A former city worker is alleging in a new lawsuit that St. Louis Treasurer (and mayoral hopeful) Tishaura Jones fired him in April as political payback for challenging her preferred candidate for 26th Ward Democratic Committeeman.
The lawsuit, filed Monday in St. Louis City Circuit Court by Donald Gage, claims that Jones retaliated against Gage, who was working in the office's fleet division, after he filed as a candidate for 26th committeeman on March 29.Three days after Gage filed for candidacy, the suit alleges, the office's director of human resources called Gage before the end of a Friday shift. Gage was allegedly told to go home and not come back. According to the lawsuit, another week passed before he received a letter in the mail, "informing him his position was eliminated."
"I definitely think that the termination was politically motivated," says Gage's attorney, Jerryl Christmas.
According to the lawsuit, before his termination Gage worked as a driver ferrying jurors to the Civil Courts building downtown. His decision to file for candidacy set up a contested election with the 26th Ward's longtime incumbent committeeman, Joseph Palm.
Palm shared a political slate with Jones, who herself was running for the vacant 26th Ward committeewoman slot. It was Gage's election challenge against Palm that allegedly put him in Jones' cross-hairs.

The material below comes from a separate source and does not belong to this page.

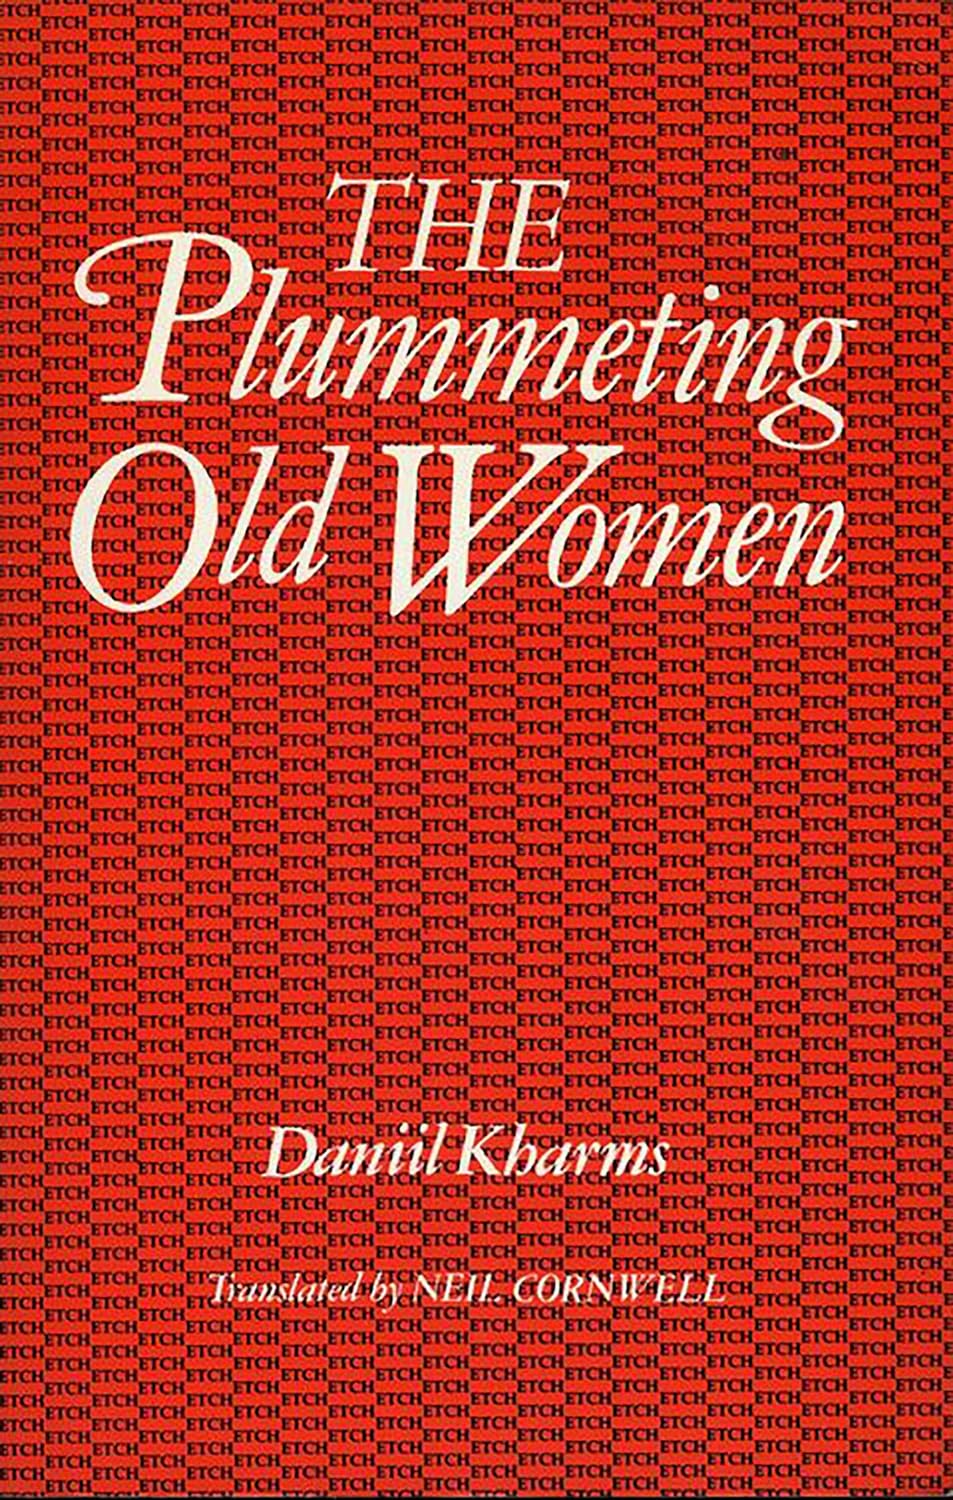 Kharms, Daniil: The plummeting old women (1989, Lilliput Press)
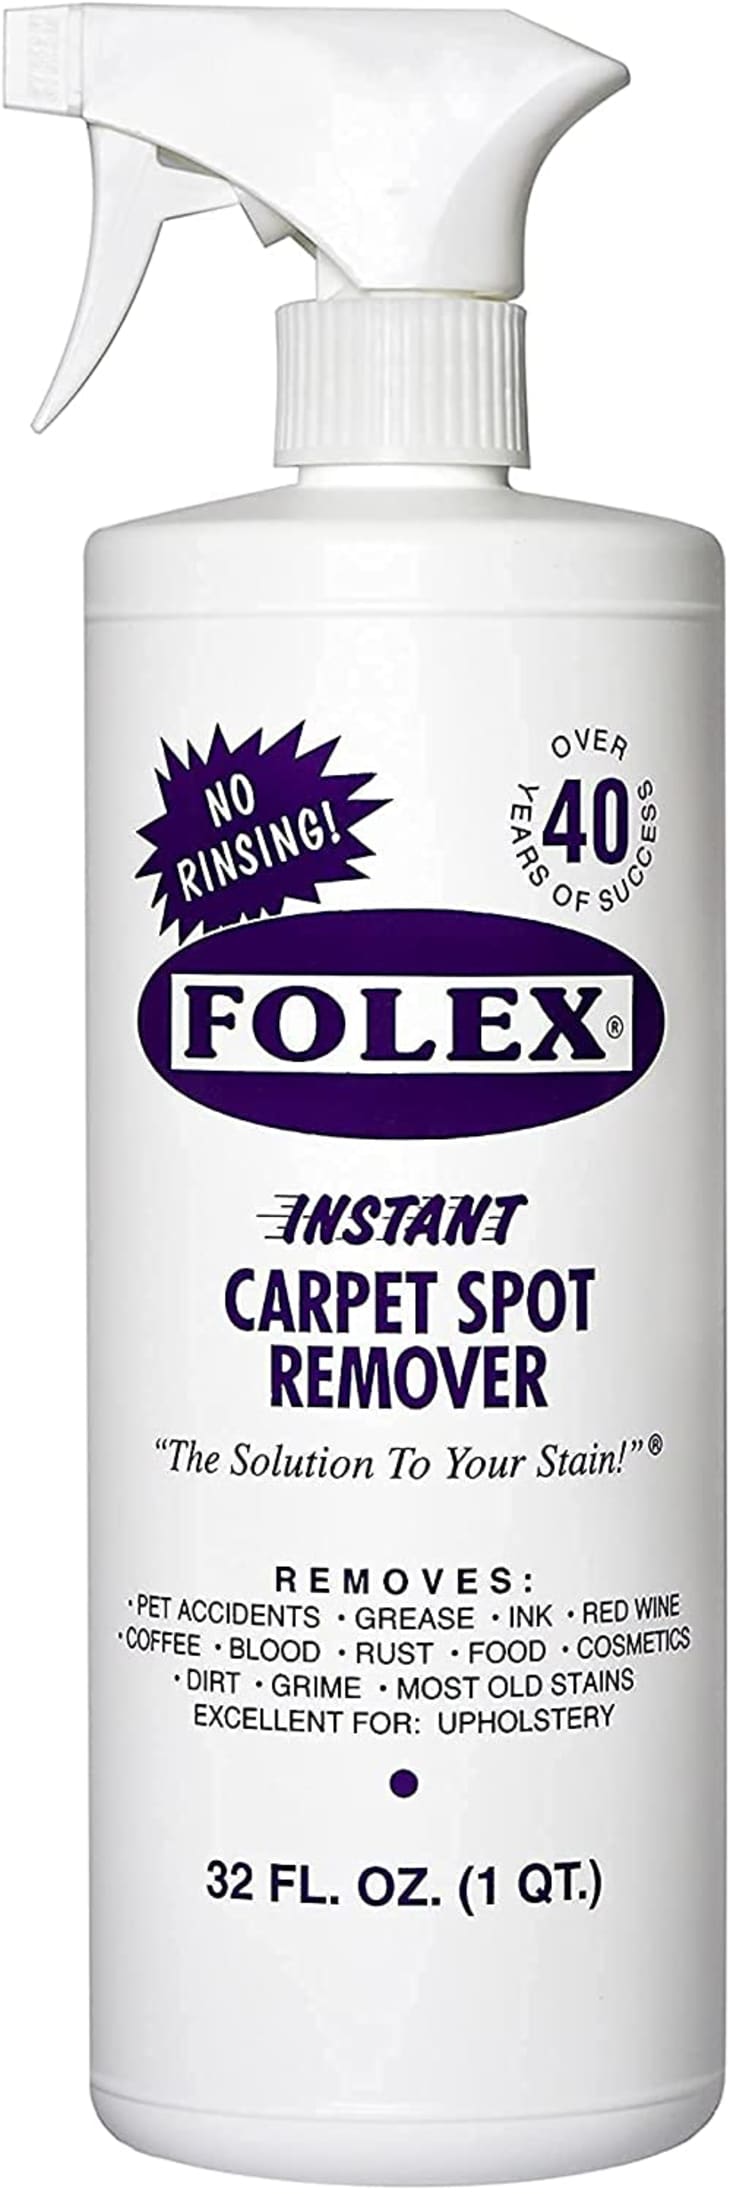 FOLEX Instant Carpet Spot Remover, 32oz at Amazon

However, the August primary ended badly for Gage and Jones. Both lost their respective races. Palm beat Gage — by almost 20 percentage points — to keep his job as committeeman, while Jones lost the committeewoman spot to State Representative Karla May.
Reached Tuesday, Jones' chief of staff Jared Boyd confirmed that Gage had been employed in the Treasurer's Office until April. Boyd declined to comment on the lawsuit, citing the office's policies against making public statements about ongoing litigation.
The timing of Gage's lawsuit bears mentioning. St. Louis' highly contested mayoral primary is set for March 7, and the candidates are throwing everything they've got into the final days of the campaign. Christmas tells Riverfront Times that the lawsuit's timing was no accident, but an intentional message to voters about Jones.
"I did want [the lawsuit] filed before the election," says Christmas. "I thought it was important to show the type of politics that she plays before voters think about putting her in the mayor’s office."